*DATASET RECORDS*
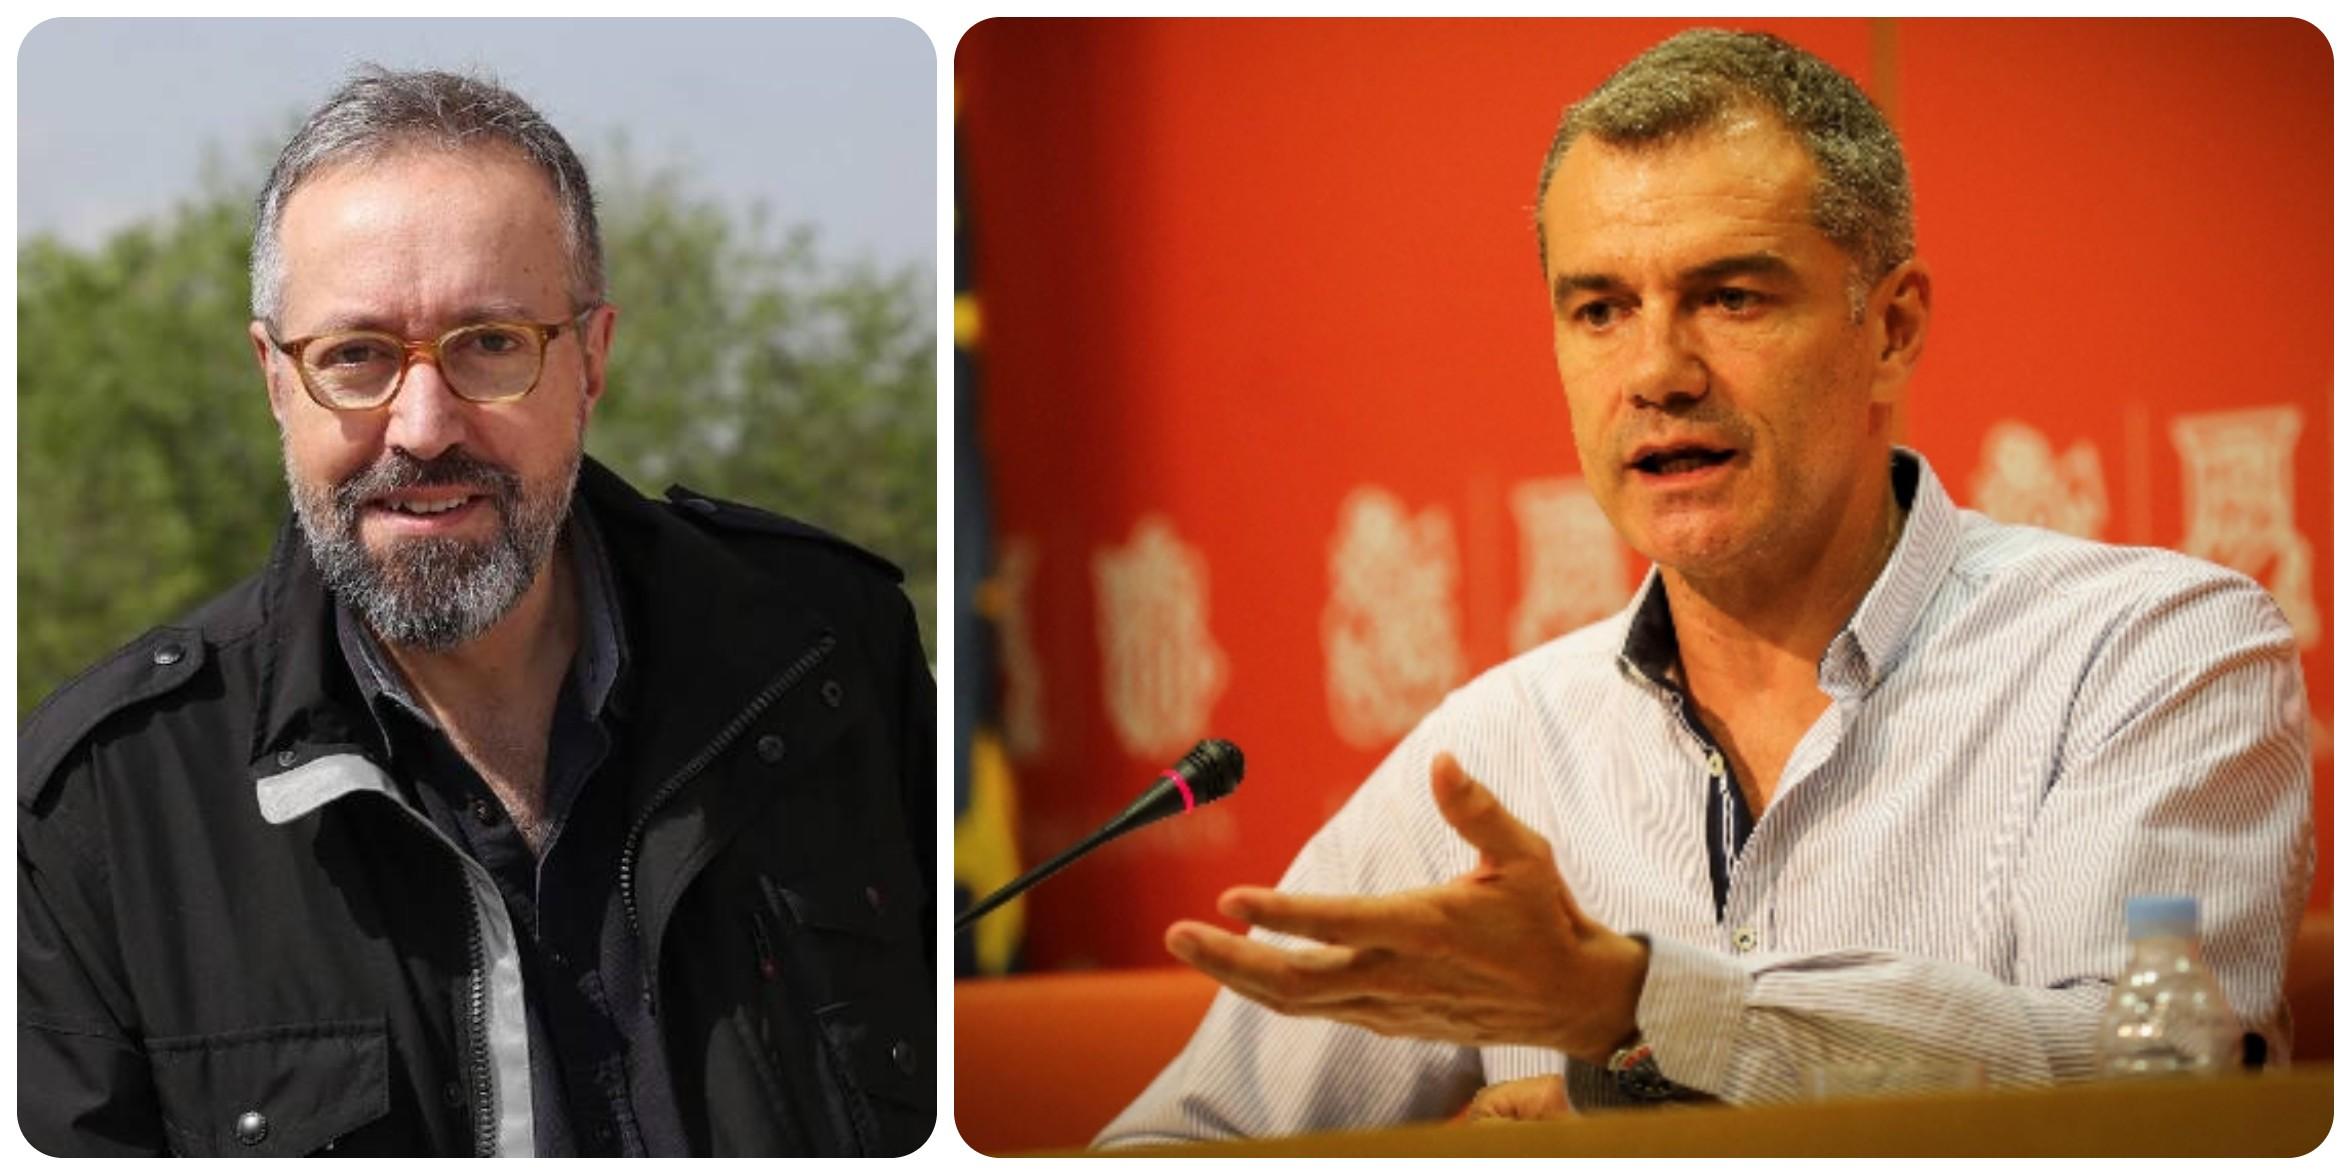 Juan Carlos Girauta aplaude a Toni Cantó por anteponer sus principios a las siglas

---

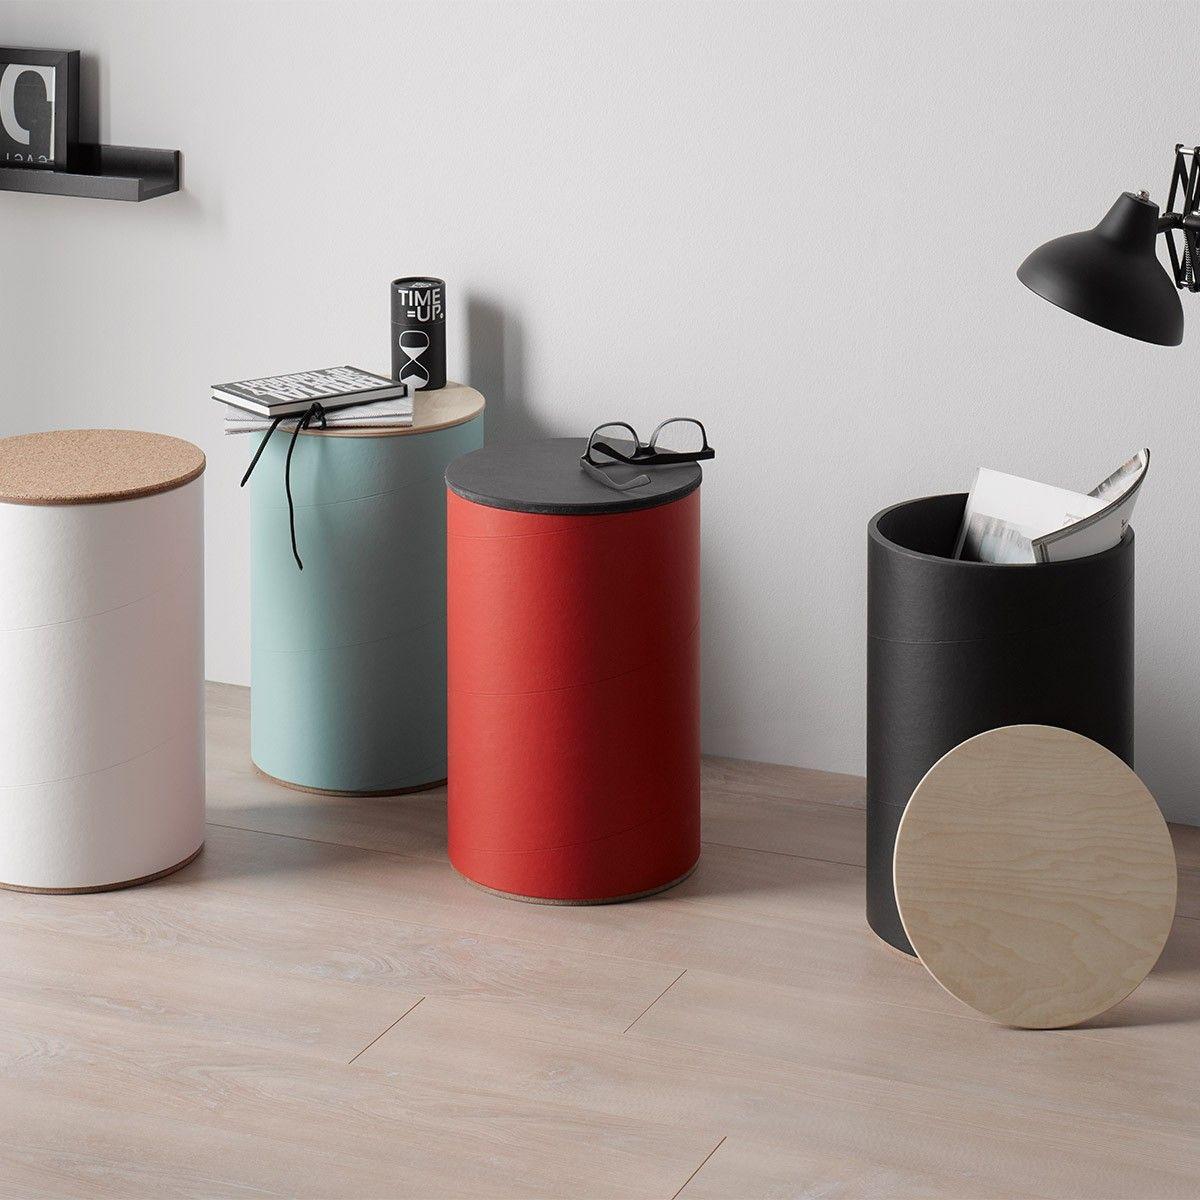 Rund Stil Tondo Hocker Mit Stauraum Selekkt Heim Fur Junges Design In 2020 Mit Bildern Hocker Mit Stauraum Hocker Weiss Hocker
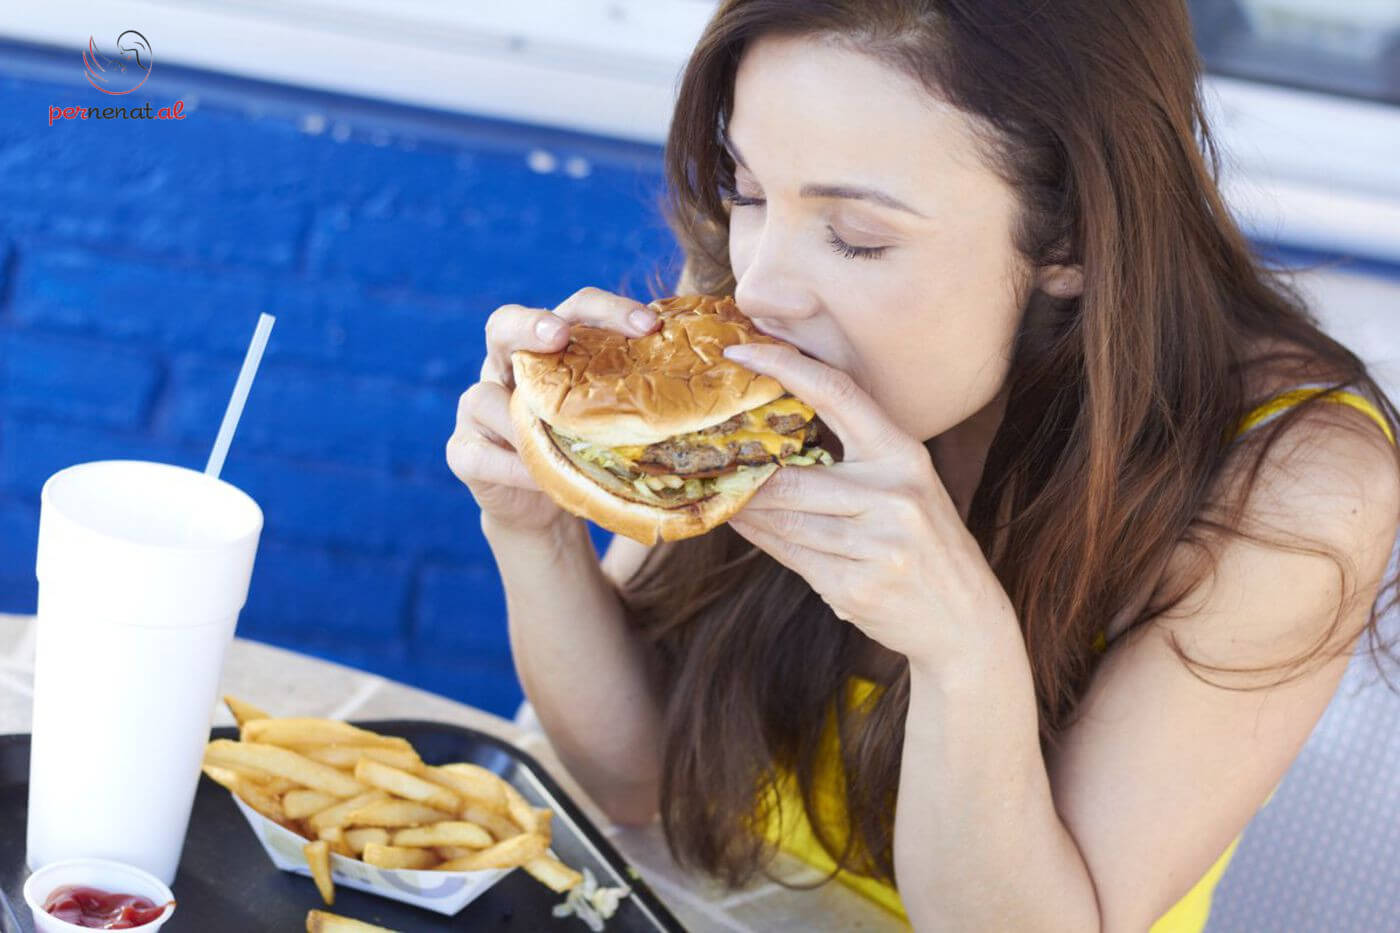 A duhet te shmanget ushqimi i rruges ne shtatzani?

--

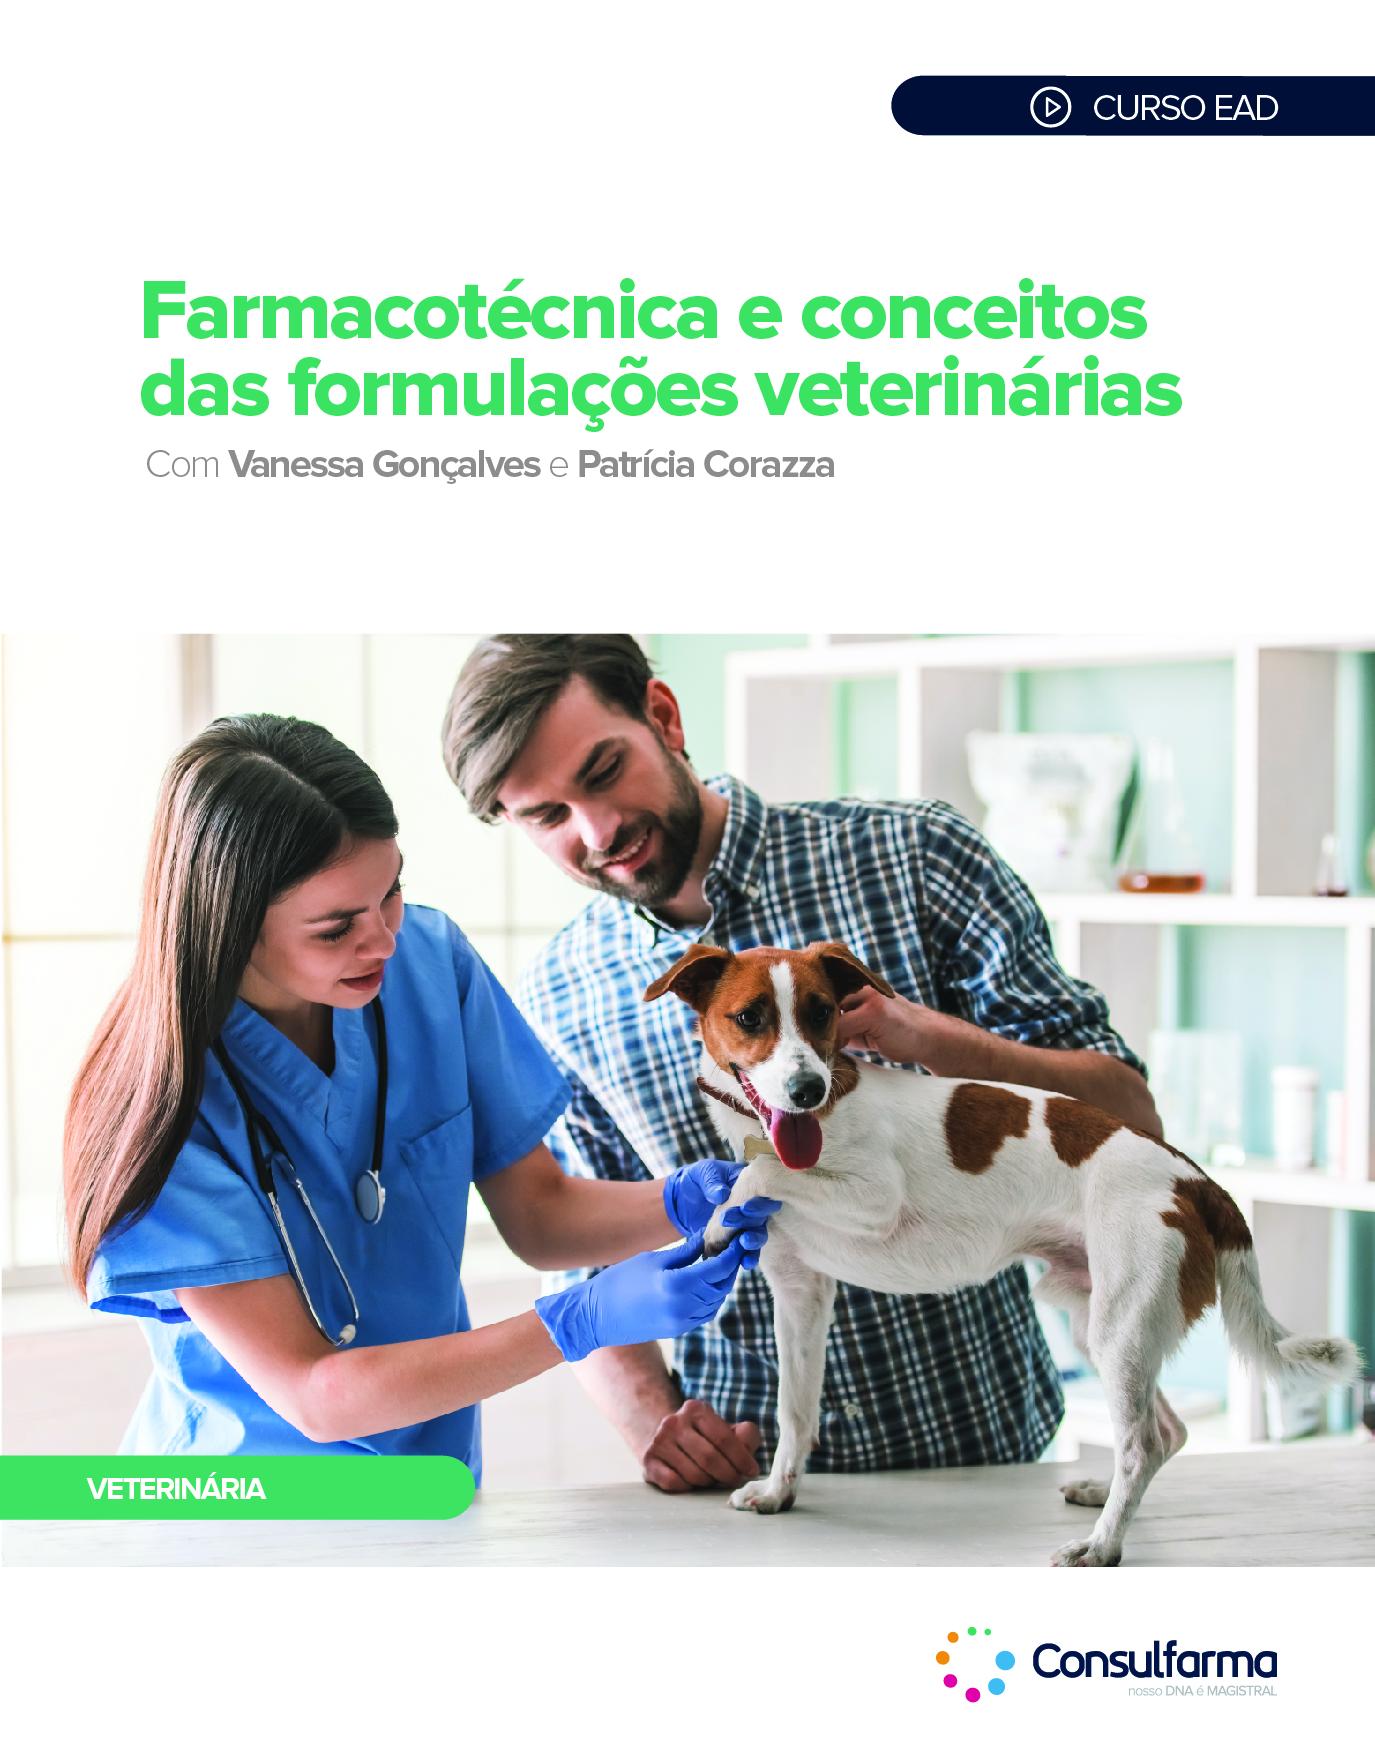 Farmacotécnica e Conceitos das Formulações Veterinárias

*TASK STATEMENT*
Leaving pictures out, output the lines of the data above from the one with "Rund Stil Tondo" through the one with "A duhet te shmanget", word for word.

*PROBLEM SOLUTION*
 Rund Stil Tondo Hocker Mit Stauraum Selekkt Heim Fur Junges Design In 2020 Mit Bildern Hocker Mit Stauraum Hocker Weiss Hocker
 A duhet te shmanget ushqimi i rruges ne shtatzani?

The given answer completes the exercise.